Waldo’s eyes came up in a hurry. “All right, I helped myself to some Valium, it’s a crime?”
“Yeah, Waldo. It’s a crime. What are you going to tell the judge? I asked you to go in?”
First puzzlement, then terror replaced the lost reluctant look. “Man, you never let go, do you.”
“It’s a Medeco. You can open it in your sleep. There’s no one home till Monday night, only one other apartment on the floor, we jimmy the front door with a charge card.”
Waldo bent toward the lock, his face furiously concentrated, everything focused on the signals reaching his fingers through the little steel rod.
A door banged four flights down. Steps were audible, then the sound of the elevator wheezing to life.
“Motherfuck,” Waldo grumbled. “C’mon, c’mon, c’mon.” He inserted a second rod, then a third.
The elevator passed and stopped one floor above.
Waldo froze.
Steps echoed. A door slammed.
Waldo straightened up, the tension dropping off his shoulders. He twisted the handle and gave the door to 4A a triumphant push.
Cardozo entered the apartment. Waldo followed.
They walked along a hallway, the only sound the crackling of Styrofoam packing pellets snapping like peanut brittle beneath their feet.
Cardozo opened doors.
Waldo stood watching him.
Lewis Monserat’s home away from home had everything: a Jacuzzi in the bathroom, a blood-stained towel thrown behind the toilet, an answering machine blinking in the bedroom, a VCR and an eighty-inch projection TV in the livingroom.
Cardozo had started across the colorful rya rug that stretched before the TV screen when he saw a silver tray holding plastic-sealed syringes on the secretaire that stood beneath a gold-framed mirror. Other evidence of fun and frolic was lying about: an empty two-litre bottle of Gilbey’s gin, pipes, mirrors, silver straws, single-edged safety razors.
It looked as though last night had been a quiet evening at home with booze and coke and crack, video and the Smithsonian collection of dildos and handcuffs.
“The maid’s gonna have a lot of cleanin’ up to do,” Waldo observed.
Cardozo moved the TV screen. Four black two-by-fours had been screwed into the wall, forming an H with two cross beams. He could see scrapes on the wood, and rust stains.
Waldo prowled the room, picking up mirrors and sniffing white dust from them, scooping up red-capped plastic vials that had fallen behind sofa cushions.
Cardozo figured out how to work the VCR and ejected the video tape. The cassette label was hand-lettered: games.
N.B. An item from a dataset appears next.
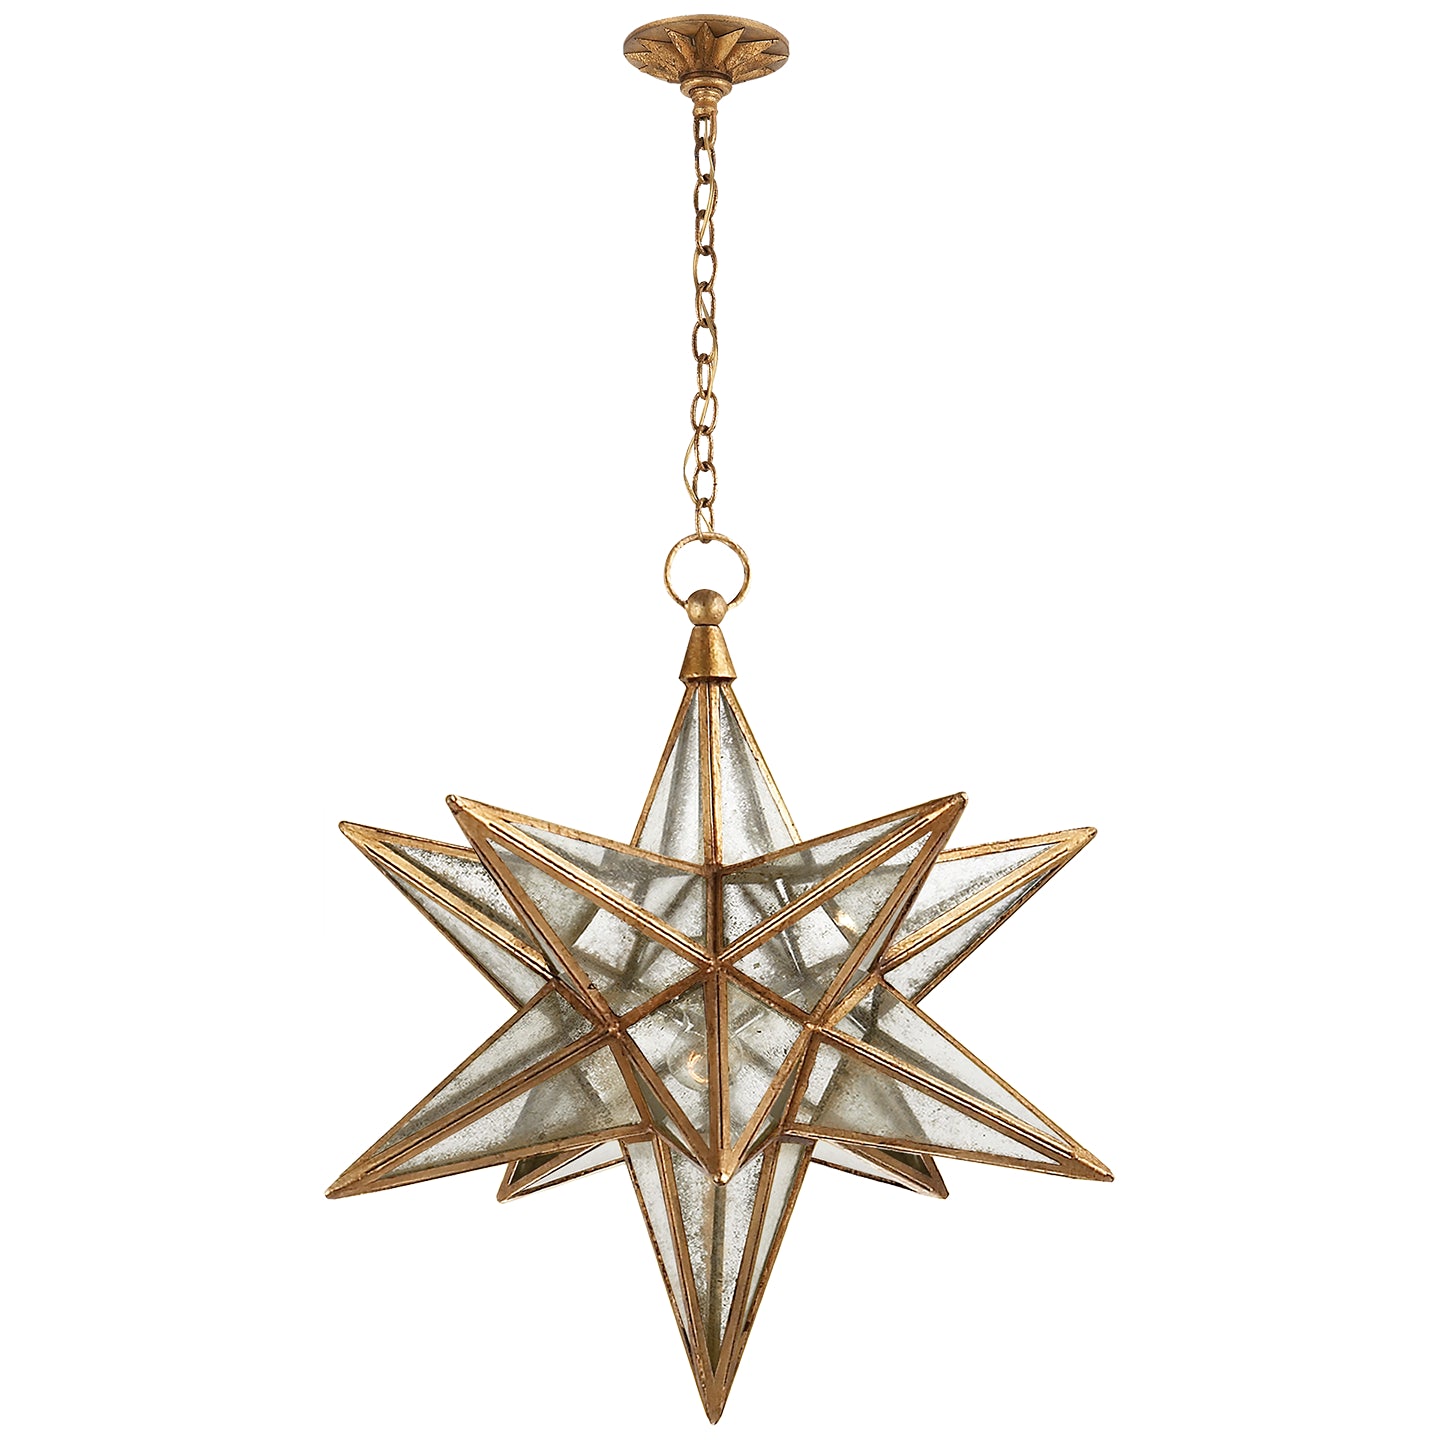 Load image into Gallery viewer, Visual Comfort Signature - CHC 5212GI-AM - One Light Lantern - Moravian Star - Gilded Iron
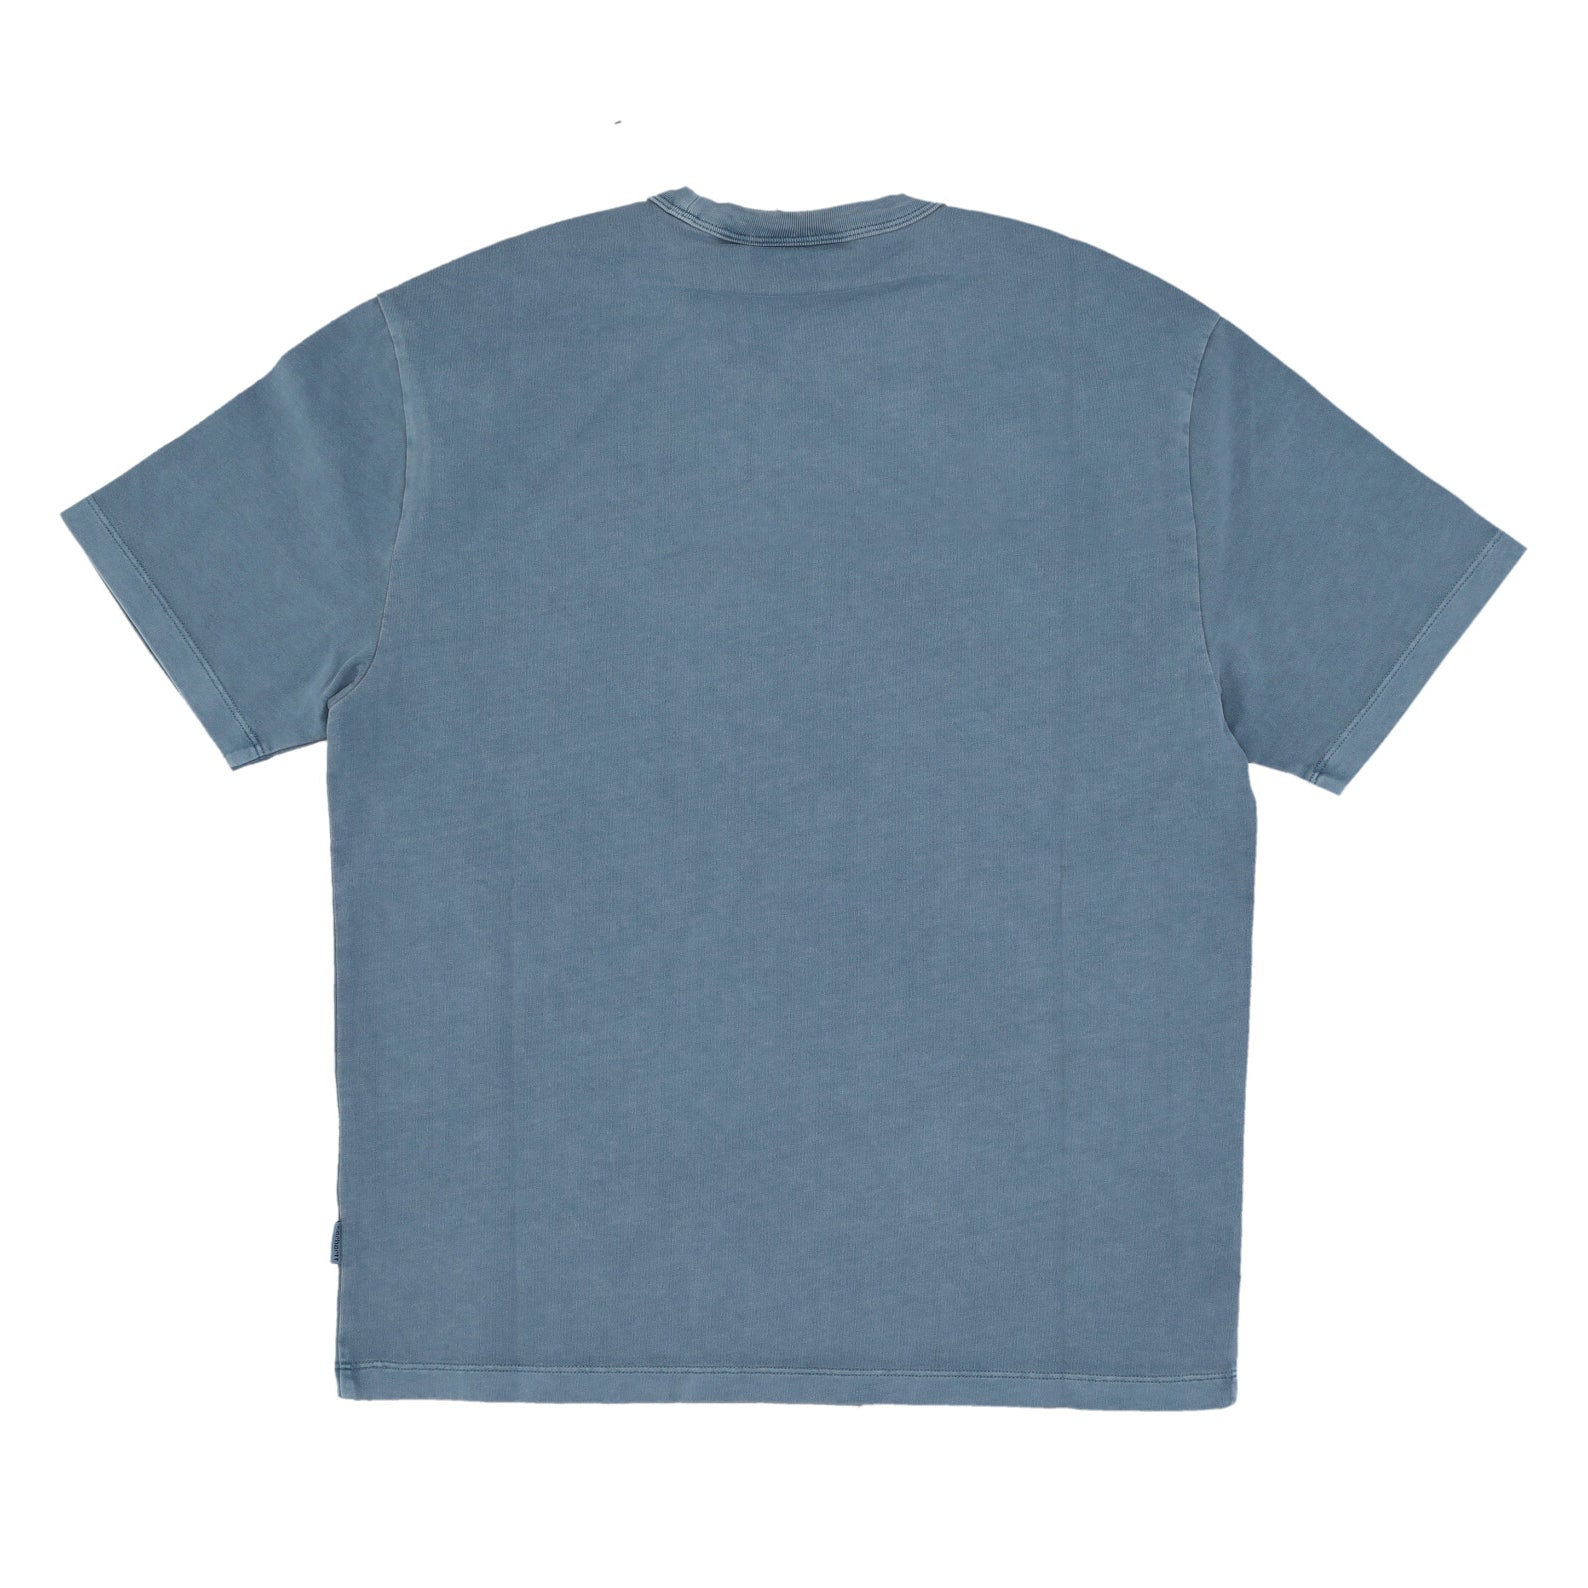 Maglietta Donna W Taos Tee Vancouver Blue Garment Dyed I032852.1Y1

He pocketed it.
“A lot of grass in the freezer,” Waldo called from the kitchen.
“Don’t take so much it’s obvious,” Cardozo said. “We may want to come back.”
“Shit, I ain’t comin’ back here.”
Waldo went quickly through the bedroom into the bathroom, sniffing bottles in the medicine cabinet.
Cardozo found that the bedroom closet had a Fichet lock.
“Waldo, come here.”
Waldo sauntered out of the bathroom, heaping fistfuls of Quaaludes and Valiums into his pockets.
“Open this.”
Waldo studied the lock, frowned, opened his toolkit, selected an eight-inch rod.
“Stand back, amigo.”
Waldo probed, listened, inserted a second rod.
Cardozo glanced at the magazines on the bedside table.
Hustler. Honcho. A Child’s Garden of Sex.
Last May’s
Reader’s Digest,
with a marker inserted at “The Seven Telltale Signs of Loneliness: Are you Suffering From the Disease That Cripples More Than Three Million Americans Annually?”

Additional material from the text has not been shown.